# MTD Ranch King, PTO causes stall.



## scottylsv (Apr 1, 2012)

I have an older Ranch King, and its an 18hp briggs, the engine is sound, have a new battery, everything has been cleaned and lubed in the deck, however when I move the PTO lever to on, it stalls out. I can have tractor in neutral, and sometimes get the PTO to engage, but it runs very rough, and causes some backfires. Any help suggestions would be great.


----------



## jhngardner367 (Apr 5, 2011)

*ranchking*

Welcome to the forum!
First,with the engine OFF,turn the blades by hand,to check for binding.If it turns well, 
check the carb adjustment, by starting the engine,and at full throttle, turn the high-speed adjustment screw IN,until it just stumbles.Then,back it OUT,until it stumbles.Turn it IN,1/2 way between the two spots.
Then,engage the blade pto,and see if it works properly.


----------



## scottylsv (Apr 1, 2012)

jhngardner367 said:


> Welcome to the forum!
> First,with the engine OFF,turn the blades by hand,to check for binding.If it turns well,
> check the carb adjustment, by starting the engine,and at full throttle, turn the high-speed adjustment screw IN,until it just stumbles.Then,back it OUT,until it stumbles.Turn it IN,1/2 way between the two spots.
> Then,engage the blade pto,and see if it works properly.


Thanks, for the advice, now that i was able to get out there and work on it, the carb adjustments did the trick, still need to tweak a bit but got it run and stay running.
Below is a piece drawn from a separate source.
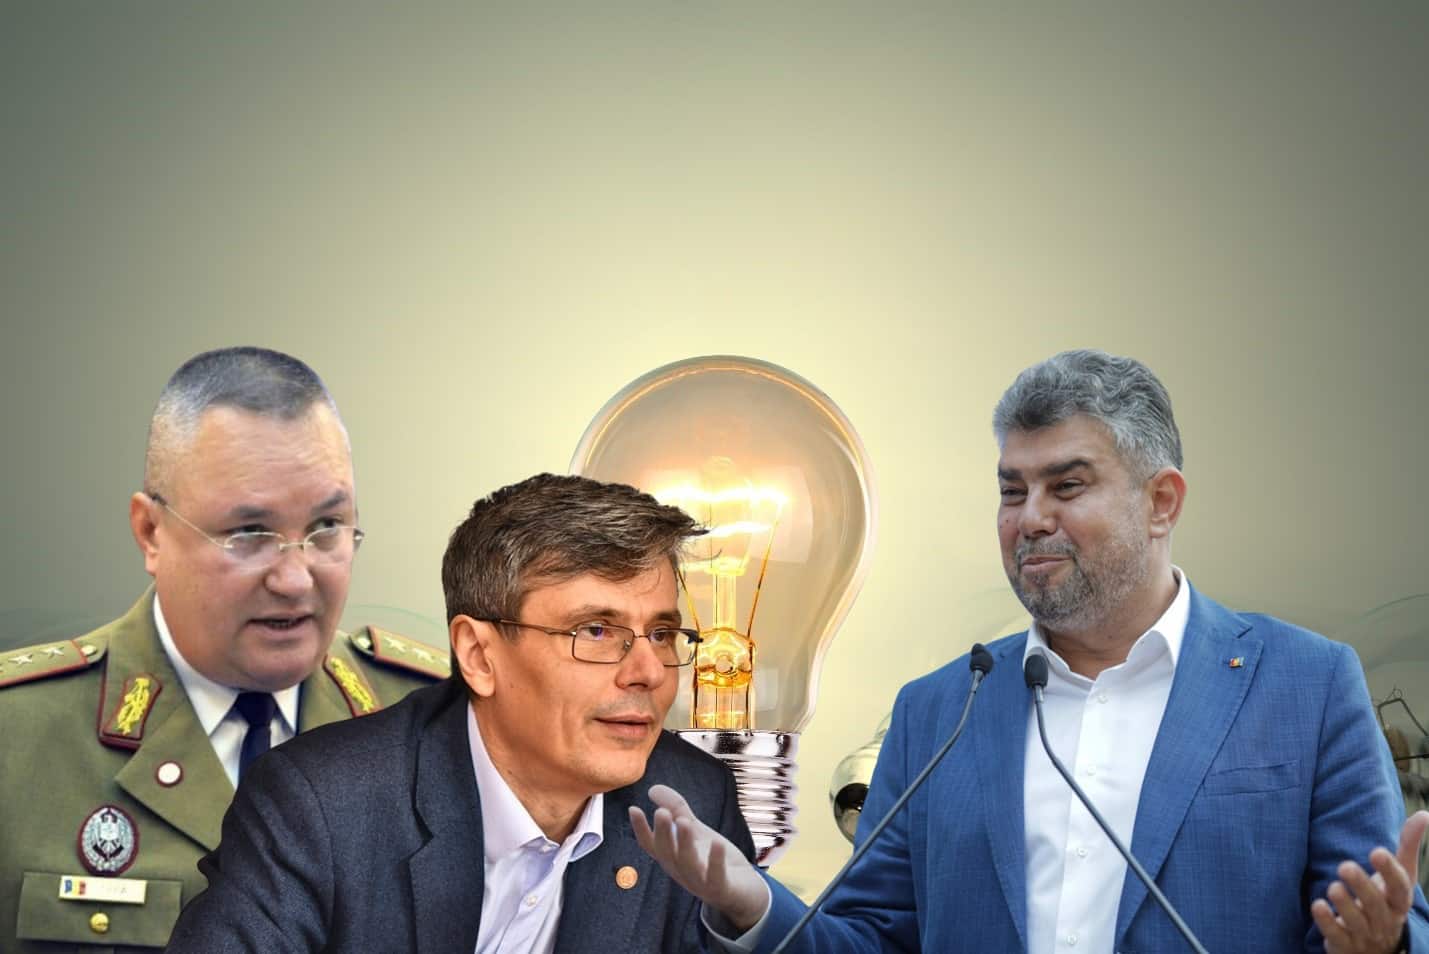 SONDAJ. AUR devine primul partid politic din România, George Simion este cu mult peste Marcel Ciolacu – CRITICII.RO
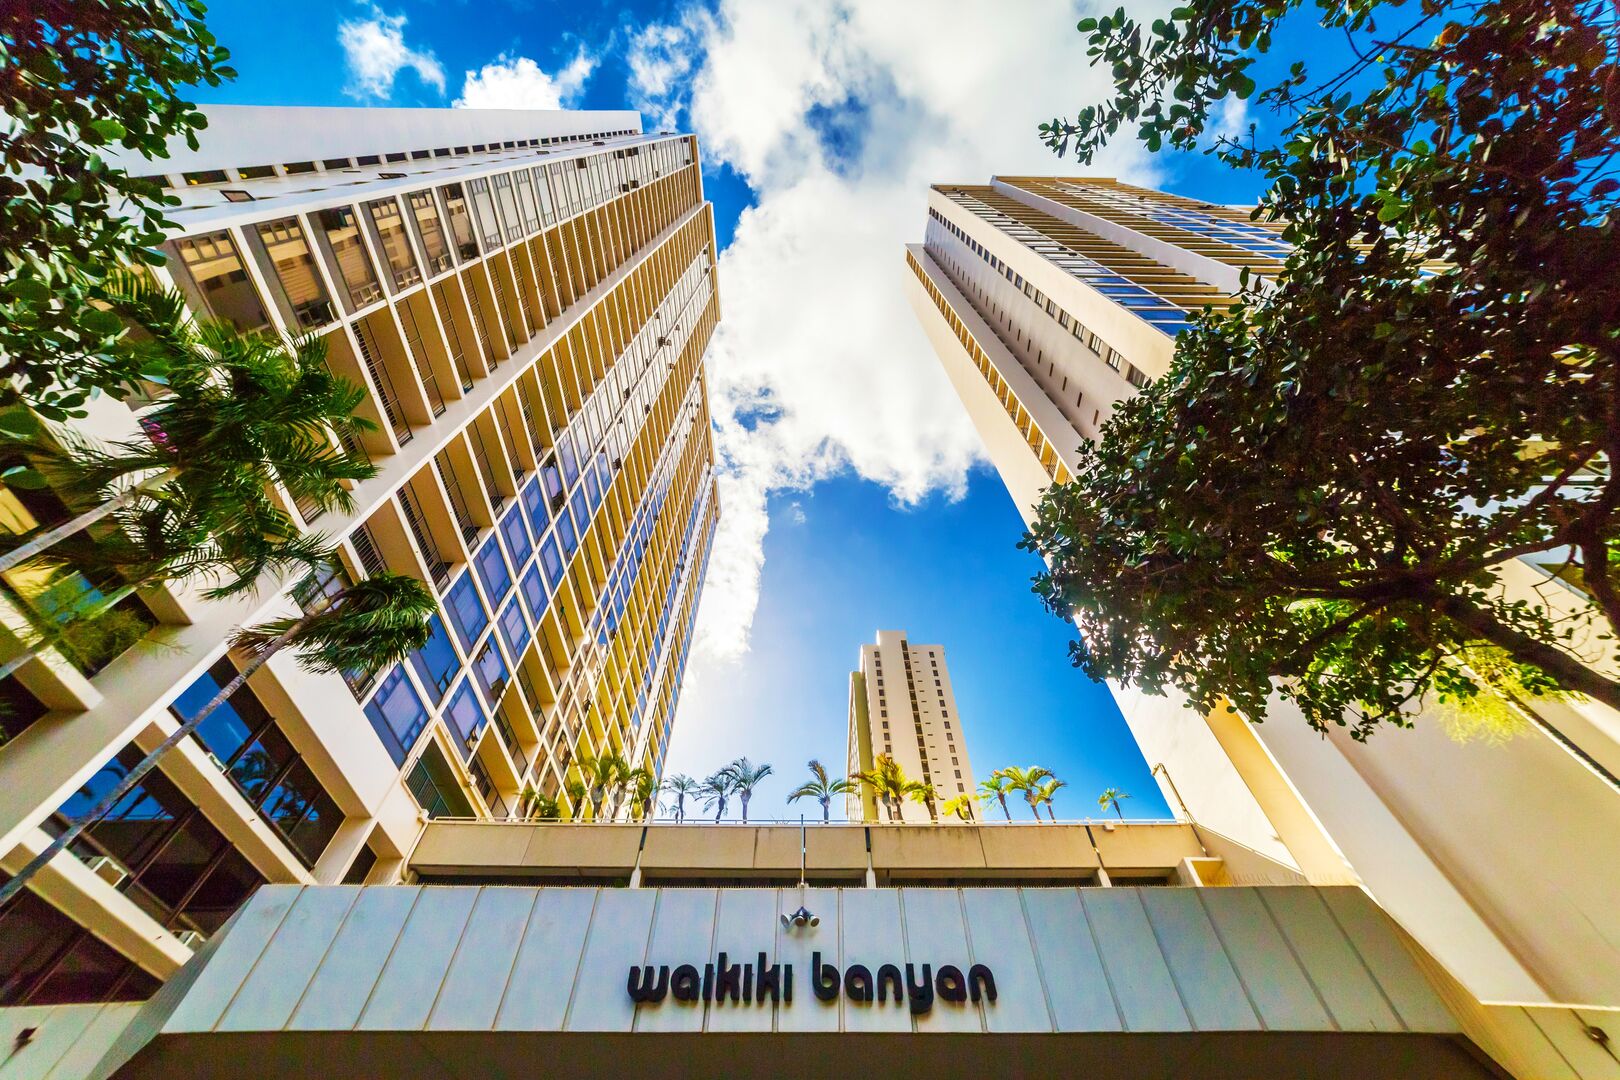 Waikiki Banyan entrance

Blades bogged down abit, but that was due to the jungle that was my yard since my tractor was down. 

Anyways, Thanks, again


----------



## jhngardner367 (Apr 5, 2011)

Anytime!


----------



## Bill Kapaun (May 8, 2007)

Typically, you'll actually want it out just a bit more.
You want to do the final "tweeking" with the engine under load.


----------



## jhngardner367 (Apr 5, 2011)

After 15 years of repairing these,I've found that "tweaking them",under load,tends to make the engine "hunt"after the load is off. A newer engine,not so much,but older ones,yes.


----------